Google, mentioned earlier, is the world's most popular Internet search engine, and was the first search engine to rate web pages based on how many other pages link to them. This method of rating takes information about what thousands of people have said about a particular web page and uses that information to rank the results in a search. This is a very different example of collective intelligence. Where Wikipedia explicitly invites users of the site to contribute, Google extracts the important information from what web-content creators do on their own sites and uses it to generate scores for its users.

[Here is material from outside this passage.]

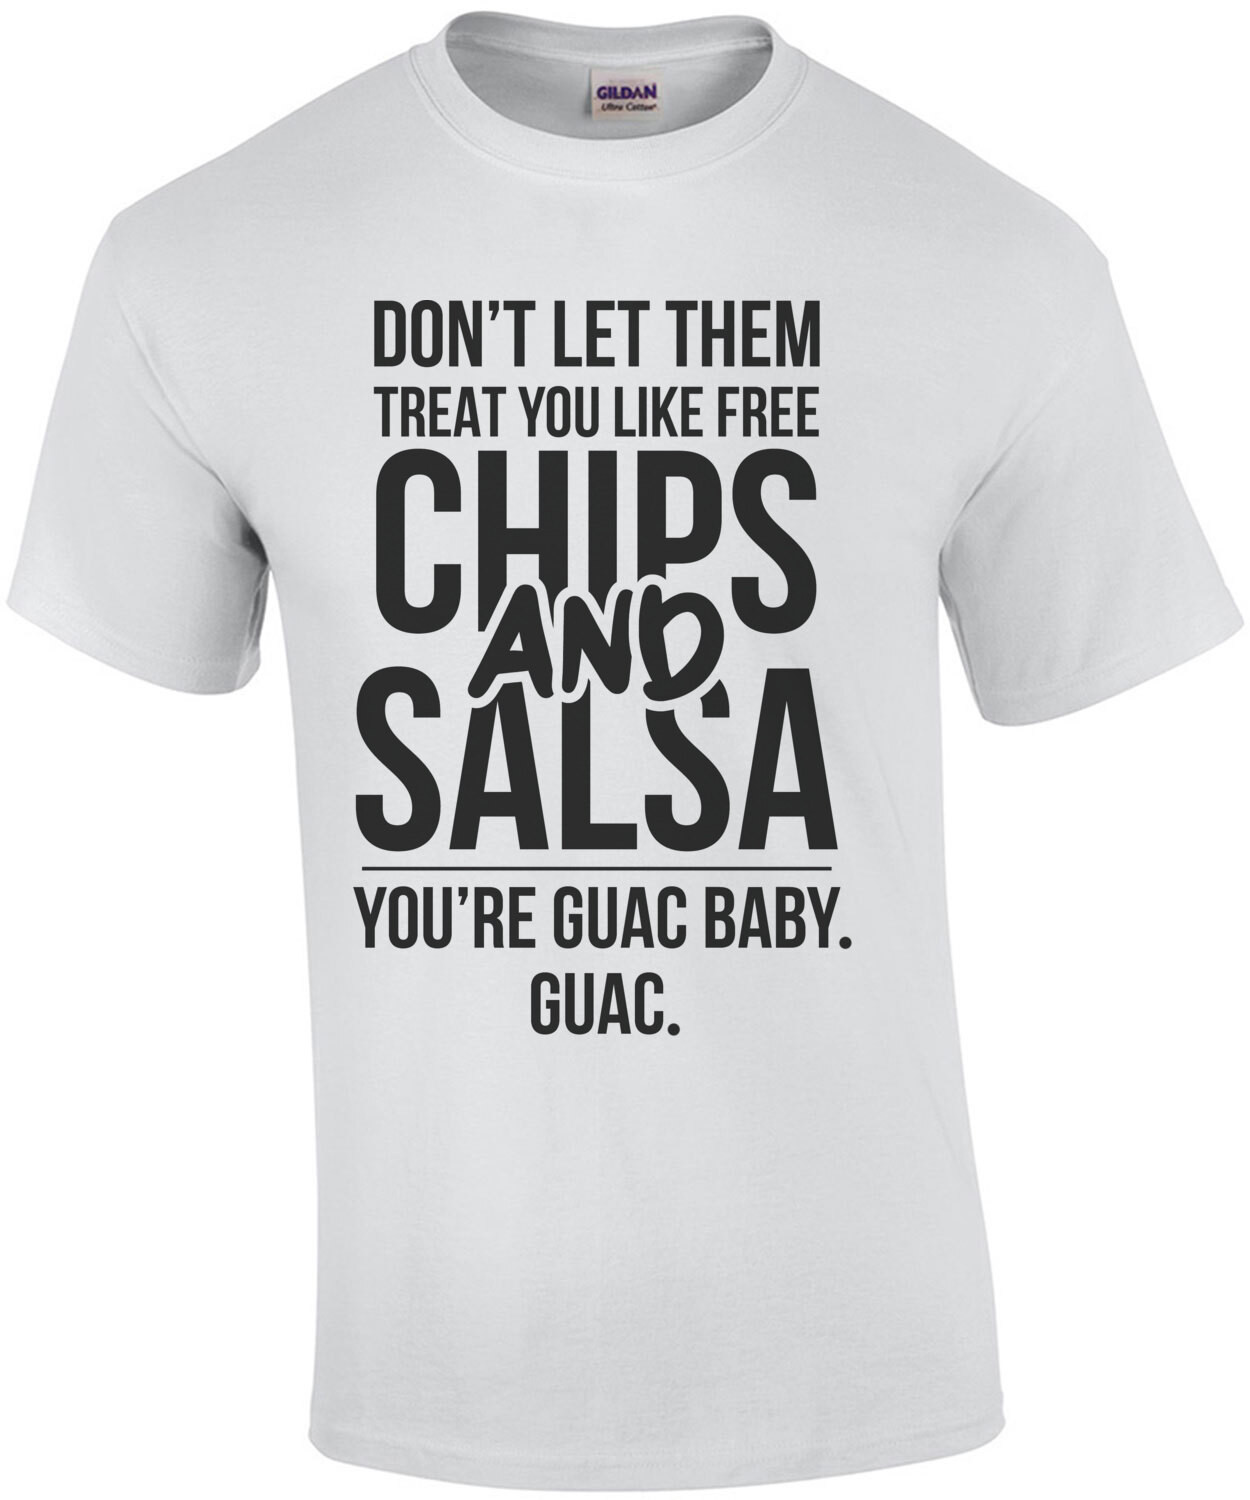 Don't let them treat you like free chips and salsa - you're guac baby. guac. funny t-shirt

While Wikipedia is a great resource and an impressive example of collective intelligence, it owes its existence much more to the user base that contributes information than it does to clever algorithms in the software. This book focuses on the other end of the spectrum, covering algorithms like Google's PageRank, which take user data and perform calculations to create new information that can enhance the user experience. Some data is collected explicitly, perhaps by asking people to rate things, and some is collected casually, for example by watching what people buy. In both cases, the important thing is not just to collect and display the information, but to process it in an intelligent way and generate new information.
This book will show you ways to collect data through open APIs, and it will cover a variety of machine-learning algorithms and statistical methods. This combination will allow you to set up collective intelligence methods on data collected from your own applications, and also to collect and experiment with data from other places.